Премьера
"Времена года" режиссера Нури Бильге Джейлана — редкий образец турецкого кино на российских экранах. Но не только за экзотичность ценит эту работу АНДРЕЙ Ъ-ПЛАХОВ.
В новелле братьев Коэн из юбилейного каннского киноальманаха "У каждого свое кино" открыточный ковбой приходит в кинотеатр и узнает, что там идет турецкий фильм "Времена года". Ковбой спрашивает: "А что, неужели фильм действительно на турецком? И надо читать субтитры?" На его лице написан панический ужас. Ковбой абсолютно уверен, что настоящее кино делается только на его родном языке.
Россияне, ходящие в кинотеатры, ныне уподобились этому ковбою: для них турецкое кино — такая же невообразимая тарабарщина. Между тем "Времена года" наследуют традиции поэтического авторского кинематографа, которые во многом связывают в мире с именем Андрея Тарковского. Предыдущий фильм господина Джейлана "Отчуждение" даже содержал цитату из "Зеркала" с Маргаритой Тереховой, взлетающей над кроватью. Кинематограф этого режиссера даже еще более авторский и более нарциссический, поскольку зеркало становится буквальным: Джейлан сам играет в своем новом фильме главную роль.
Правда, на сей раз он отталкивается не только от Тарковского. На "Времена года" его в не меньшей степени вдохновил Микеланджело Антониони — тоже стопроцентный автор, но никак не лирик, а художник, блюдущий холодную дистанцию и между героями и по отношению к ним. Джейлан же сам воплощается в образ усталого интеллектуала Исы, а его молодую подругу жизни Бахар играет Эбру Джейлан, жена режиссера.

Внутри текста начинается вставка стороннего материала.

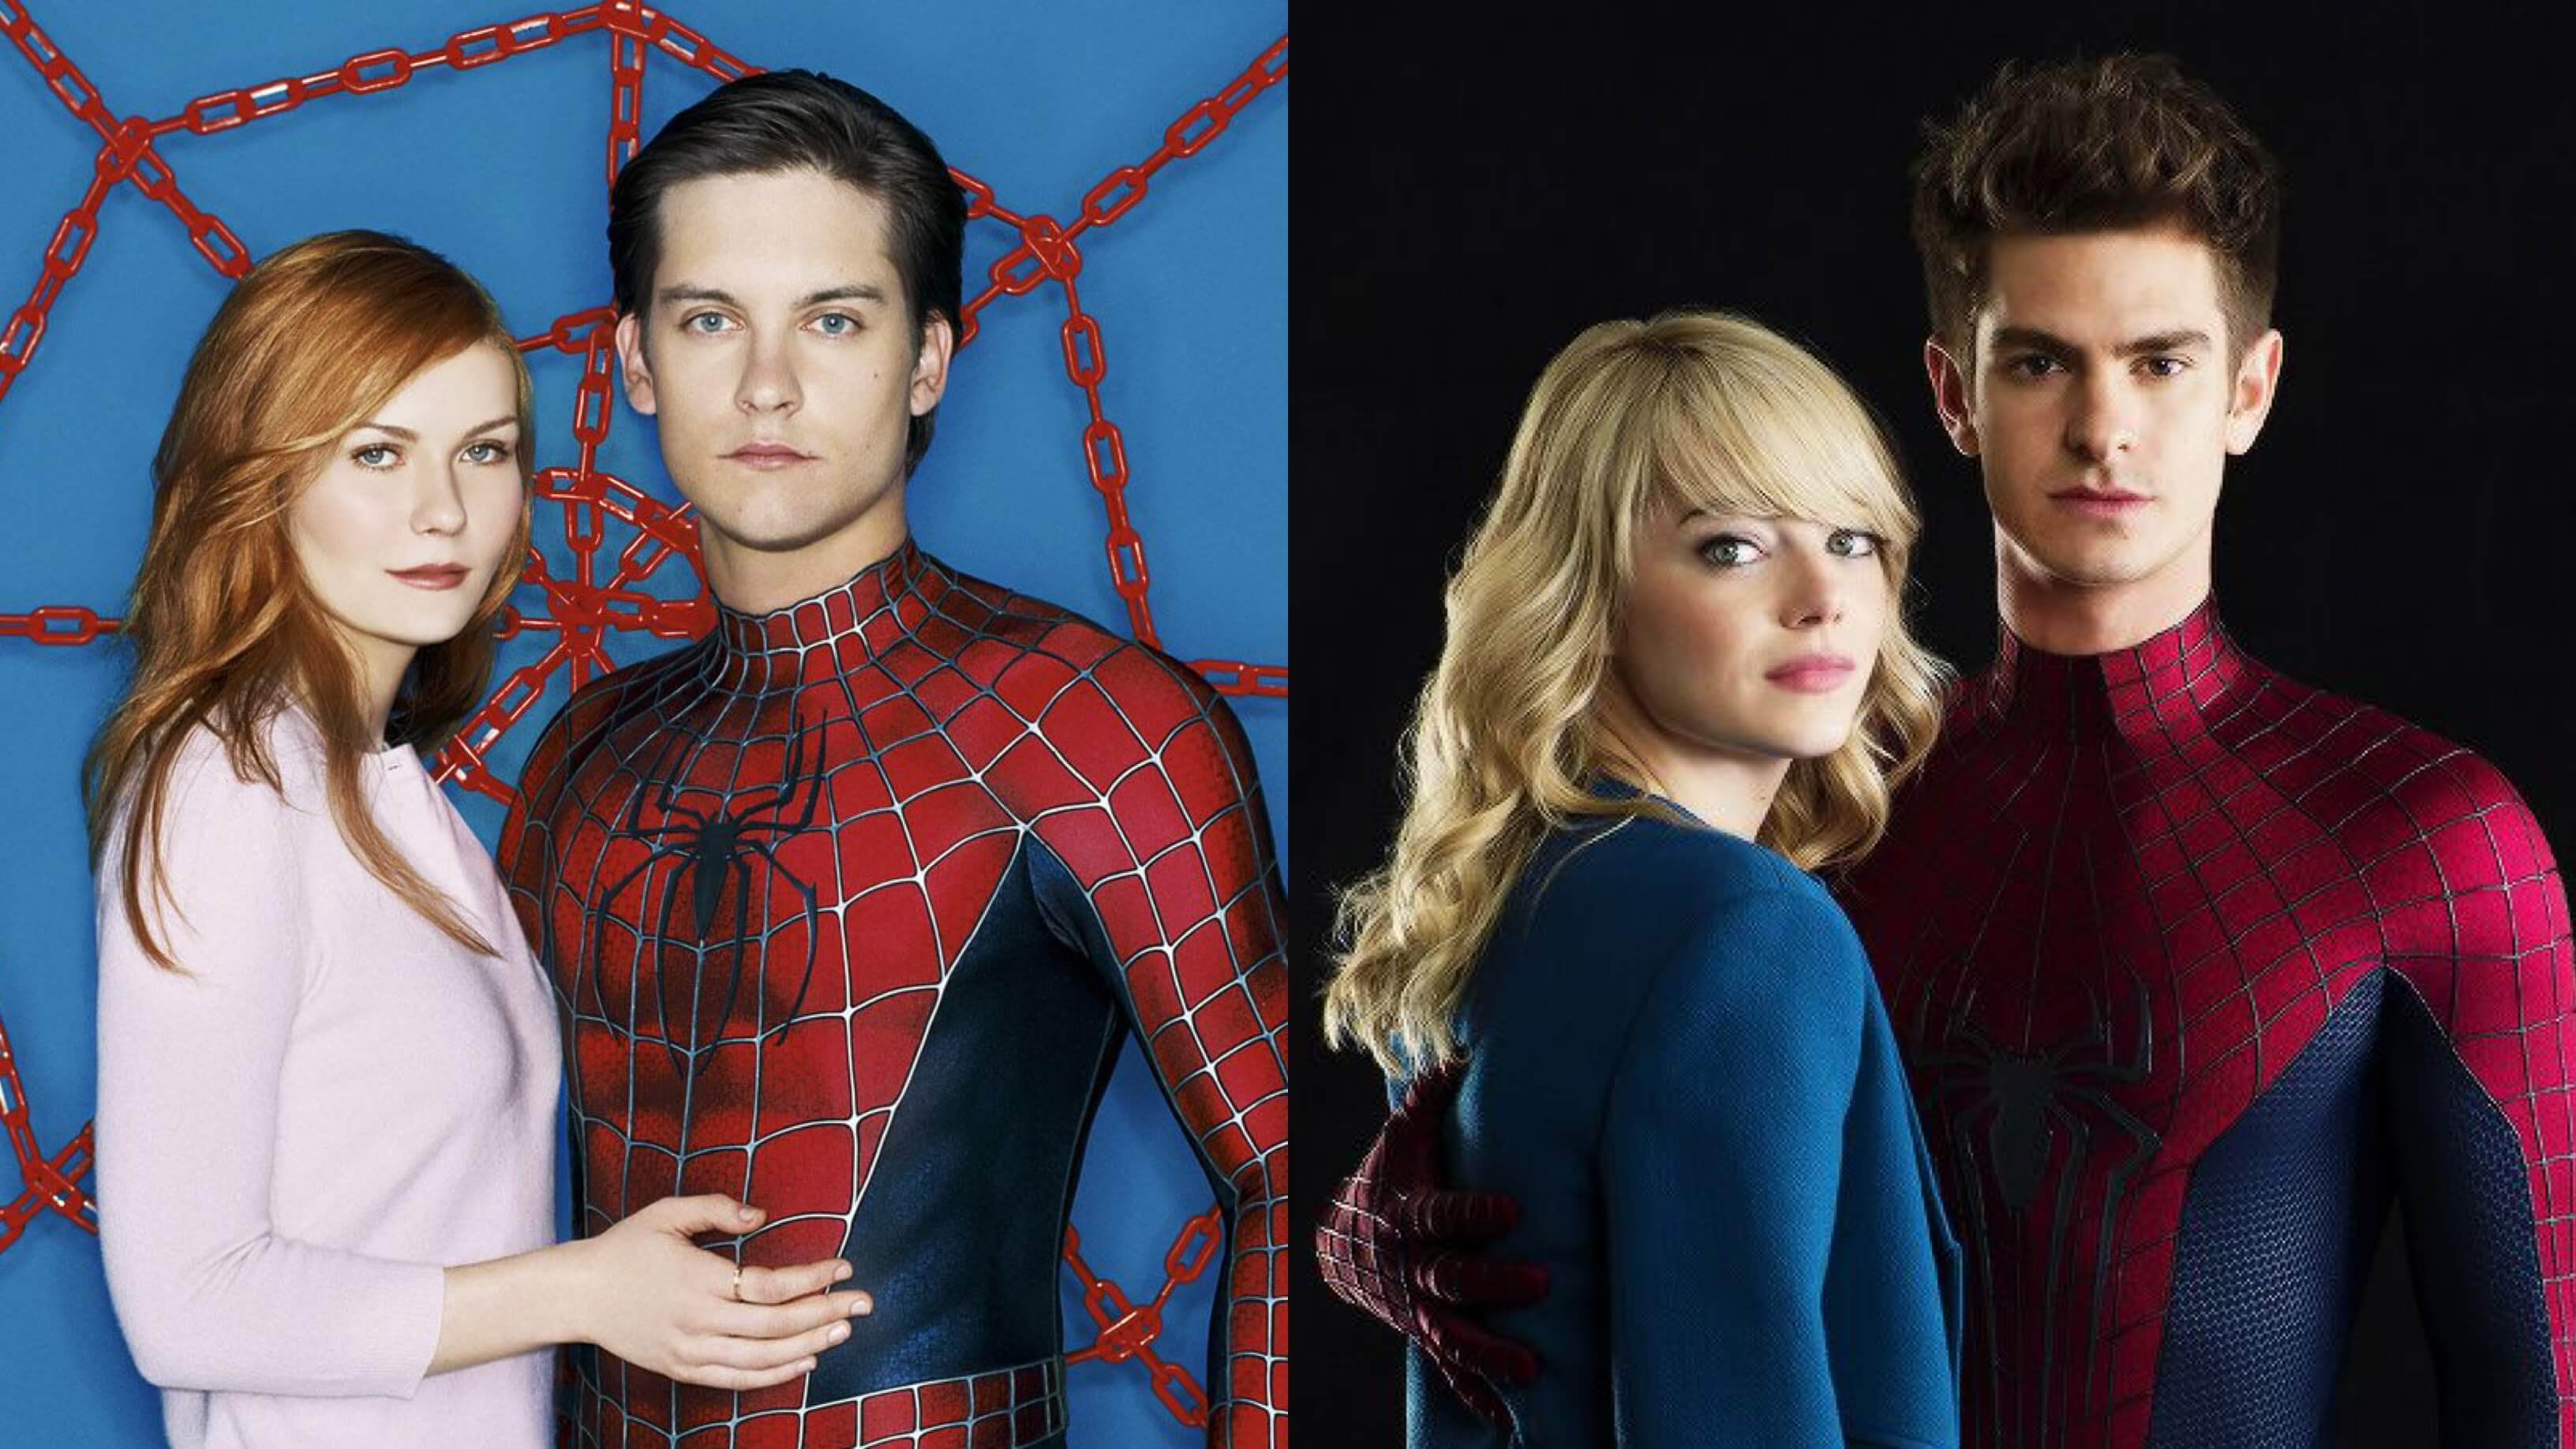 Andrew Garfield And Kirsten Dunst Are Set For 'Spider-Man 3'; Tobey Maguire  And Emma Stone Rumored - The DisInsider

Картина состоит из трех частей — "Расставание", "Разлука", "Попытка сближения", которые соответствуют разным временам года и напоминают метеосводки душевных состояний. В первой, летней, части герои едут к руинам античных храмов, чья застывшая экспрессия — метафора немоты Исы и Бахар, потерявших общий язык чувства. Каждый страдает, но на своем языке. Женщина впадает в истерический смех, как некогда героиня Моники Витти в "Затмении". Ситуация фатального дисконтакта развернута с изощренным режиссерским искусством и, что приятно отличает последователя от самого Антониони, с некоторой долей иронии.

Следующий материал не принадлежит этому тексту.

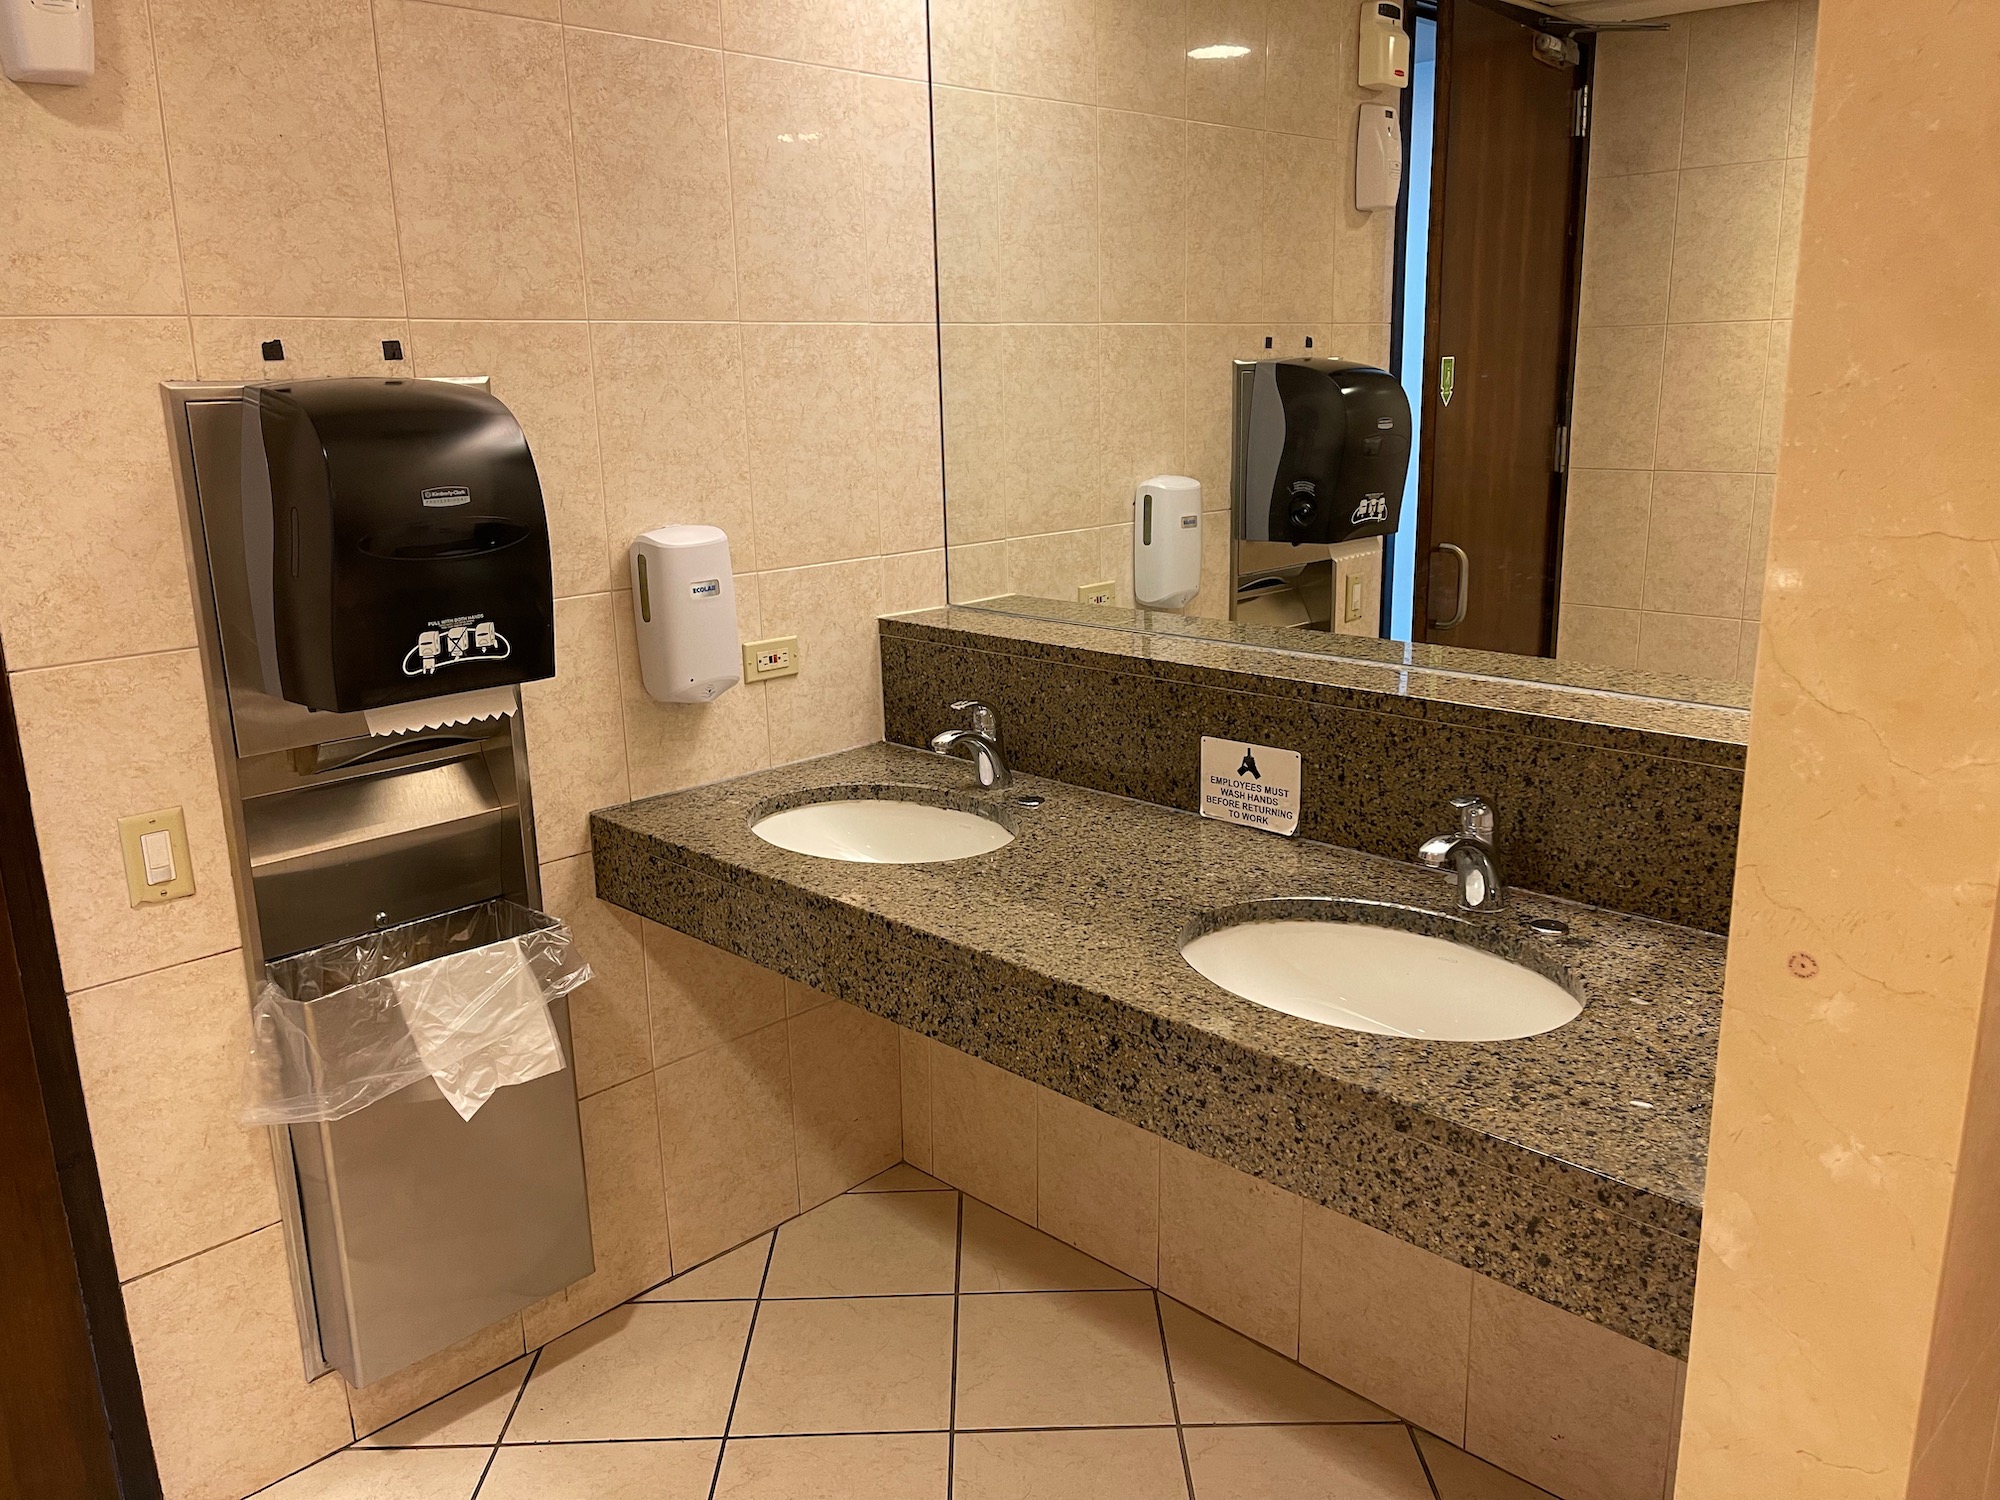 a bathroom with sinks and soap dispensers

Из единственной любовной сцены Джейлан делает настоящее цирковое карате-шоу — такое не постеснялся бы вставить в свое кино сам Альмодовар. Эта сцена происходит уже с другой женщиной, в другом месте (Стамбуле) и в другое время года — осеннее. Потом приходит зима, принося меланхоличные кадры заснеженных турецких городов, словно материализующих тексты Орхана Памука. Иса ничего не предпринимает, чтобы найти исчезнувшую Бахар, но как только случайно узнает, что она участвует в новом телепроекте и уехала на съемки в провинцию, тут же едет по ее следу. Отношения героев, достигшие точки замерзания, обнаруживают бьющий под этим льдом все еще горячий источник.
Режиссер как настоящий эстет не доведет до конца любовную историю, даже не даст обтекаемого прогноза, а опять же ограничится метеосводкой. Это упрямое следование нюансам атмосферы показалось бы невыносимо скучным, если бы действие происходило в западноевропейской стране. Но переместившись в другую культуру и оказавшись на краю континента, штампы авторского кино приобрели свежесть и даже шоковую остроту. Как будто бы мы влезли в новую кожу и стали по-другому ощущать глобальную перемену климата.